When we suffer a loss it hurts, and some of us will get into a funk. The hard part is figuring how long to let the funk last. We need time to adjust. We need time to be sad that things are not the way we want them to be. If we don't, and try to barrel through, the grief will show up some other way. We may start drinking too much or shirking responsibility or becoming irritable and ruining our relationships. We need time to lick our wounds.

And then...

And then, we rally. We stop focusing on who we were, what we lost and what we make it all mean. Instead, we need to start picturing a new future. The one we hope for.

Bringing in a new tomorrow is not just an exercise in positive thinking and visualization. It becomes a practice of faith, not necessarily in a religious sense. Transforming through loss and mourning into faith requires reprogramming our minds and body in a way that increases our energy. It's a physical and mental will that makes our bodies vibrate with possibility and turns us into an instrument for causing results to happen.

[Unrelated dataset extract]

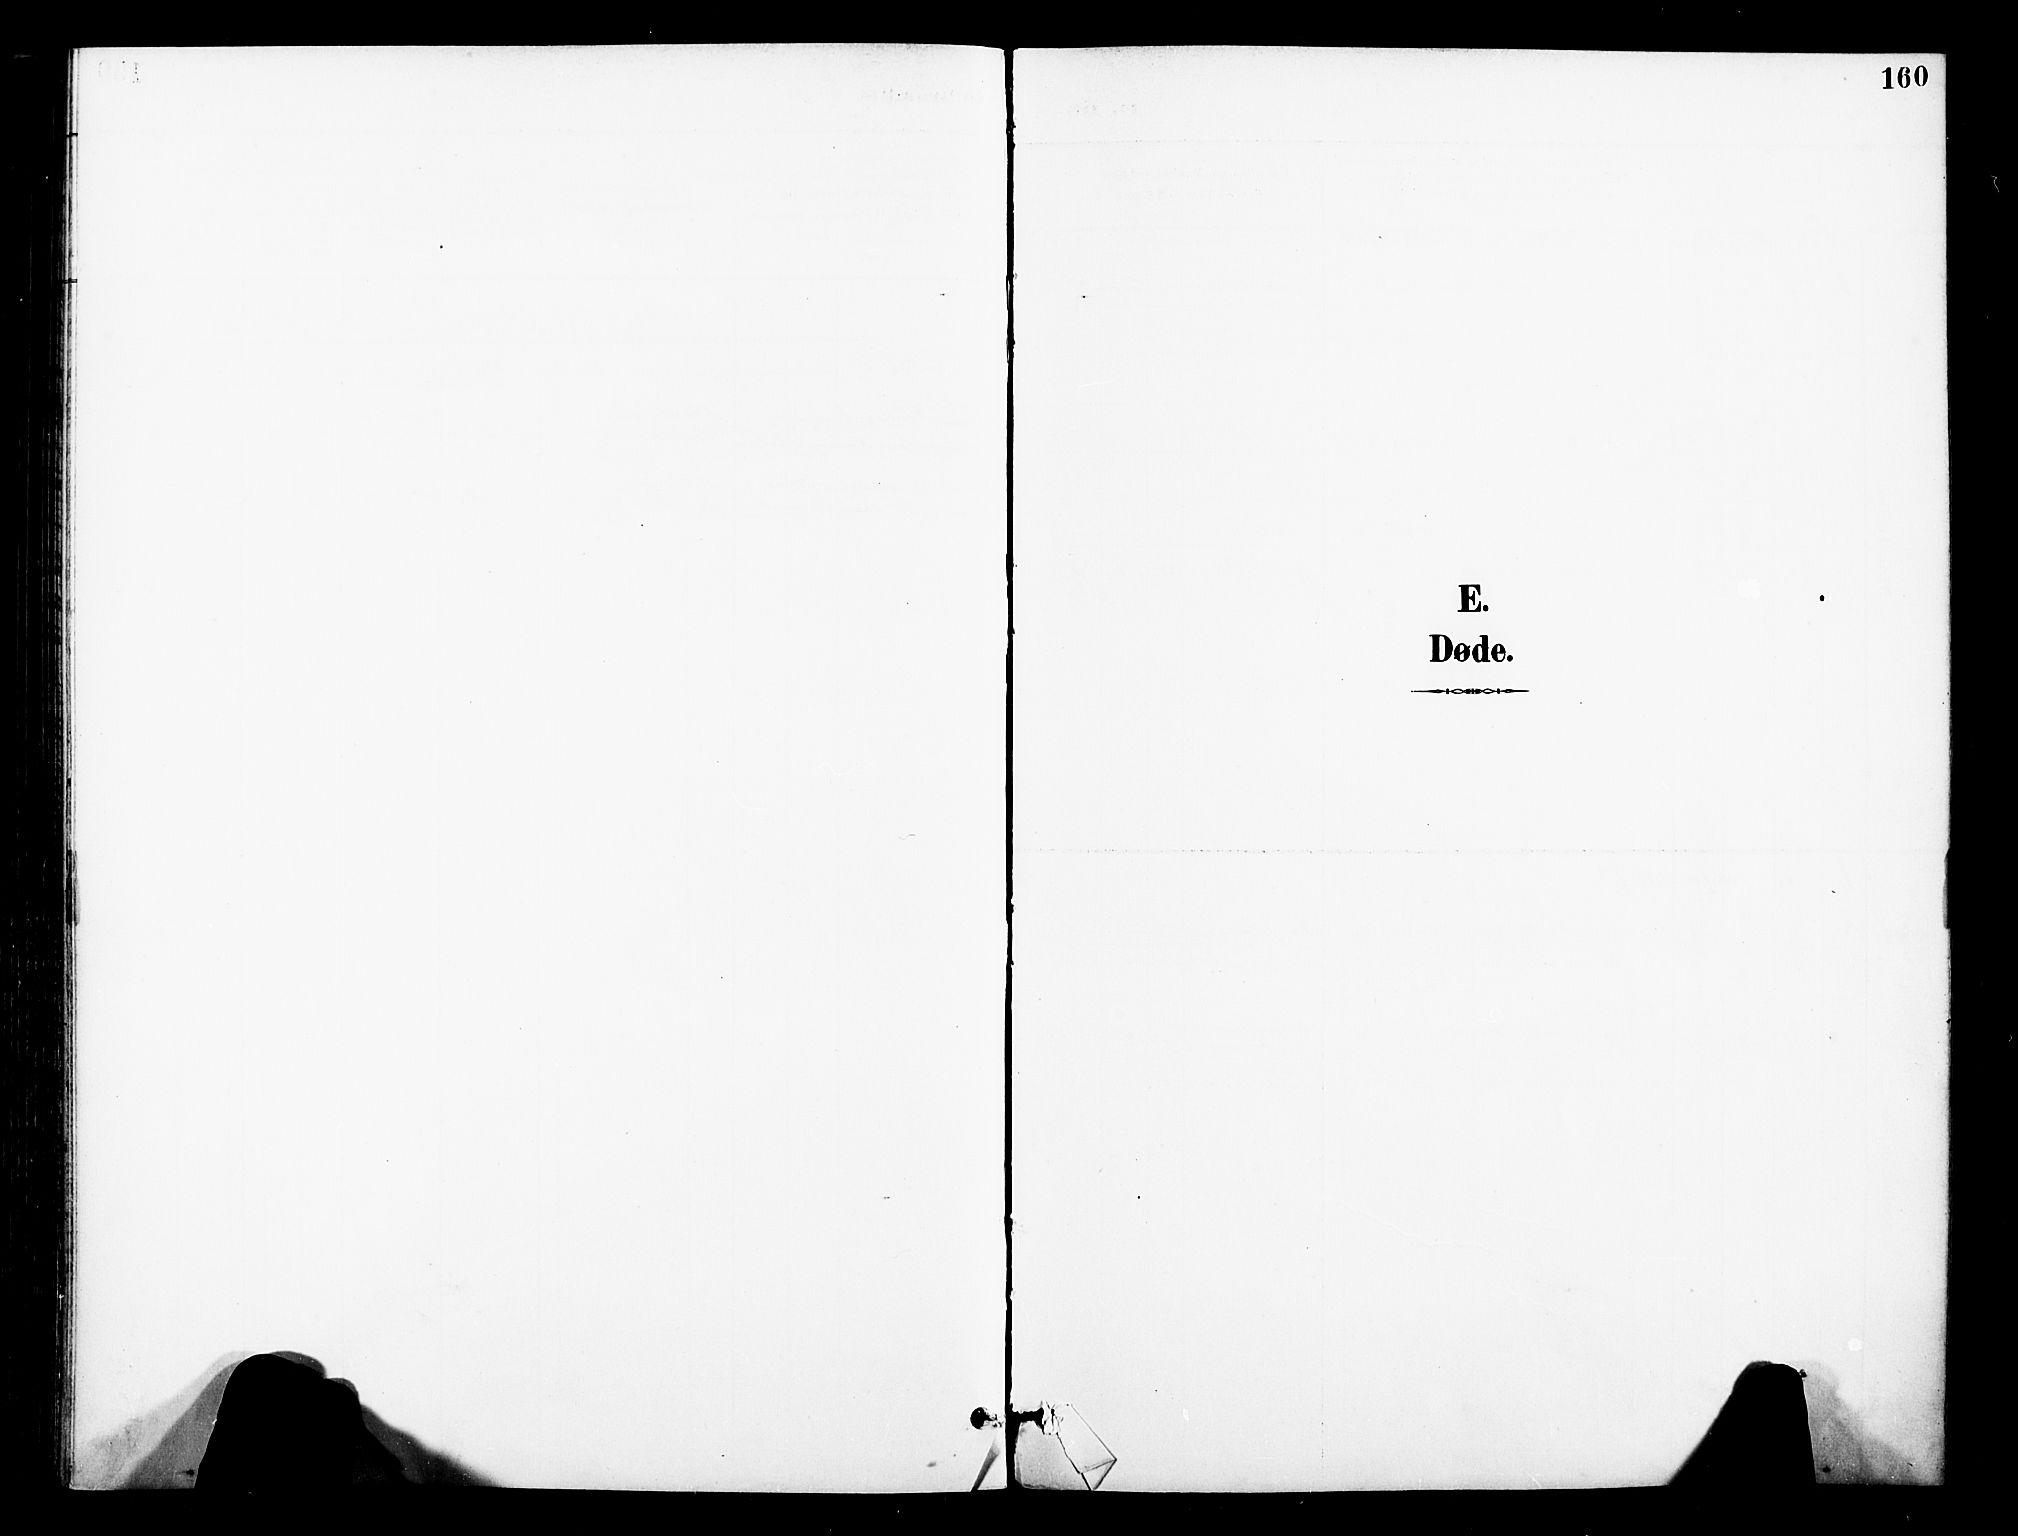 SAT, Ministerialprotokoller, klokkerbøker og fødselsregistre - Nord-Trøndelag, 739/L0372: Ministerialbok nr. 739A04, 1895-1903, s. 160

I know that sounds like science fiction or crazy talk, but in earnest I share with you what I've experienced and seen work. The best comparison I can make to this sensation (vibration) is when you have a tipping-point amount of a caffeinated beverage. Not so much that you shake, feel ill or invite the "crash," but that buzzy amount that makes you feel a little superhuman -- like you can live in this zone and conquer everything on your to-do list. That buzz is what this vibration feels like without the caffeine. And it is the level of energy that shatters loss and tough circumstances. It's the breakthrough in which you still know on an intellectual level that things have not changed and that there is no indication of them doing so, but you are projecting yourself beyond that into a place where you can't feel negative emotion, but instead feel faith. The belief that the next step will be the one that makes the difference is what hope is all about. It's not foolish. The loss is integrated into your story and your memory, but it no longer festers in your today. You are not triggered by it into a downward spiral. You are beyond it and creating a new tomorrow.

What does this mean to our finances, the weather patterns, the senseless loss of life in many pockets of the world, the economy, the future of your job and bank account? It means nothing different that it ever has throughout history. These aren't really new problems. They are just new to us. We have to choose how to deal with them. The human spirit is resilient and ultimately has no choice but to invest in the good to get past all this.

Be sad, mourn and feel the loss. And then get back to living. We all need you to. As Robert Frost once wrote, "The best way out, is always through."